Recommendation: Await StartAsync (it completes synchronously after scheduling) or at least observe its result. Reuse a single GalaxyRepositoryClient across the deploy watcher and the hierarchy source instead of letting BuildDefaultHierarchySource clobber the field — guard the assignment or build the client once in InitializeAsync.
Resolution: Resolved 2026-05-22 — (a) replaced _ = _deployWatcher.StartAsync(...) discard with an explicit variable + IsFaulted check so any synchronous throw from StartAsync (e.g. called-twice InvalidOperationException) propagates rather than being silently swallowed; (b) changed both StartDeployWatcher and BuildDefaultHierarchySource to use _ownedRepositoryClient ??= so a client built by the watcher is reused by discovery instead of being overwritten and leaked — only one GalaxyRepositoryClient instance is now created and disposed.
Driver.Galaxy-010
| Field | Value |
|---|---|
| Severity | Low |
| Category | Security |
| Location | GalaxyDriver.cs:311-341 |
| Status | Resolved |
Description: ResolveApiKey supports an env:/file: indirection and otherwise treats the config string as the literal API key ("Anything else — used as the literal API key. Convenient for dev"). GalaxyGatewayOptions' own XML doc claims "the API key never appears in cleartext config". The literal-key fallback silently permits a plaintext API key in the DriverConfig JSON column of the central config DB, contradicting the documented contract. There is no warning logged when the literal path is taken.
Recommendation: Log a startup warning when ResolveApiKey falls through to the literal arm so an operator who accidentally committed a cleartext key sees it, and update the GalaxyGatewayOptions doc comment so it no longer over-promises.
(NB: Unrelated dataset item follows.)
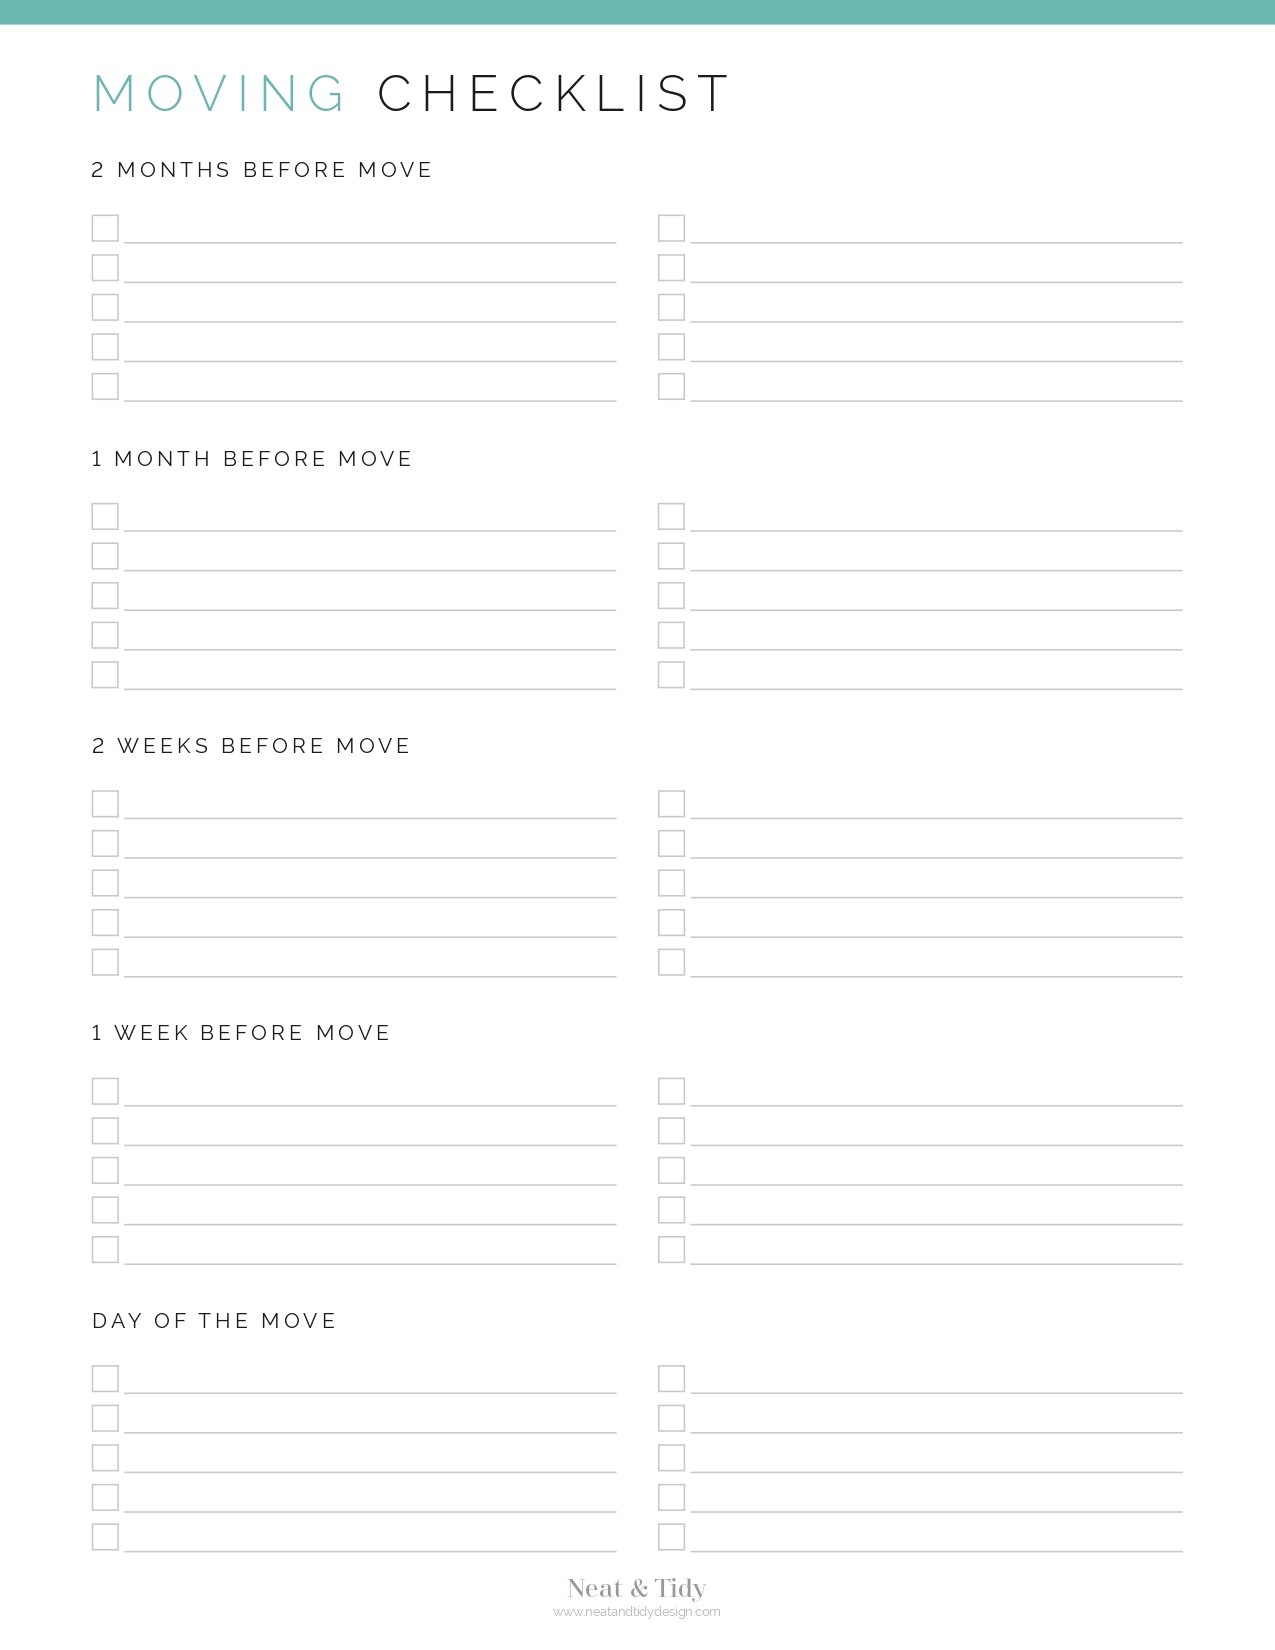 moving-checklist-neat-and-tidy-design

Consider gating the literal arm behind an explicit dev:-style prefix so a cleartext key cannot be used by accident.
Resolution: Resolved 2026-05-23 — (a) added a logger-aware ResolveApiKey(string, ILogger?) overload that emits a Warning when the back-compat literal arm is taken, and wired the BuildClientOptions call site to pass _logger; (b) added an explicit dev:KEY prefix that returns the literal value without warning, so dev rigs / parity tests can opt-in deliberately; (c) rewrote the GalaxyGatewayOptions.ApiKeySecretRef XML doc so it no longer claims "the API key never appears in cleartext config" — it now documents all four supported forms (env:, file:, dev:, and the warning-on-literal back-compat path). Regression coverage in GalaxyDriverApiKeyResolverTests (Literal_string_emits_warning_when_logger_supplied, Dev_prefix_returns_literal_without_warning, Env_prefix_does_not_emit_literal_warning).
Driver.Galaxy-011
| Field | Value |
|---|---|
| Severity | Medium |
| Category | Performance & resource management |
| Location | GalaxyDriver.cs:411 |
| Status | Resolved |
Description: GetMemoryFootprint() unconditionally returns 0 with a comment "PR 4.4 sets this from SubscriptionRegistry size" — PR 4.4 has shipped (the registry exists and is used) but the method was never updated. IHostConnectivityProbe.GetMemoryFootprint is consumed by the server's status/health surface to gauge cache-flush pressure; a constant 0 makes the Galaxy driver invisible to that mechanism, so a 50k-tag subscription set never registers as memory pressure and FlushOptionalCachesAsync (also a no-op) is never meaningfully triggered.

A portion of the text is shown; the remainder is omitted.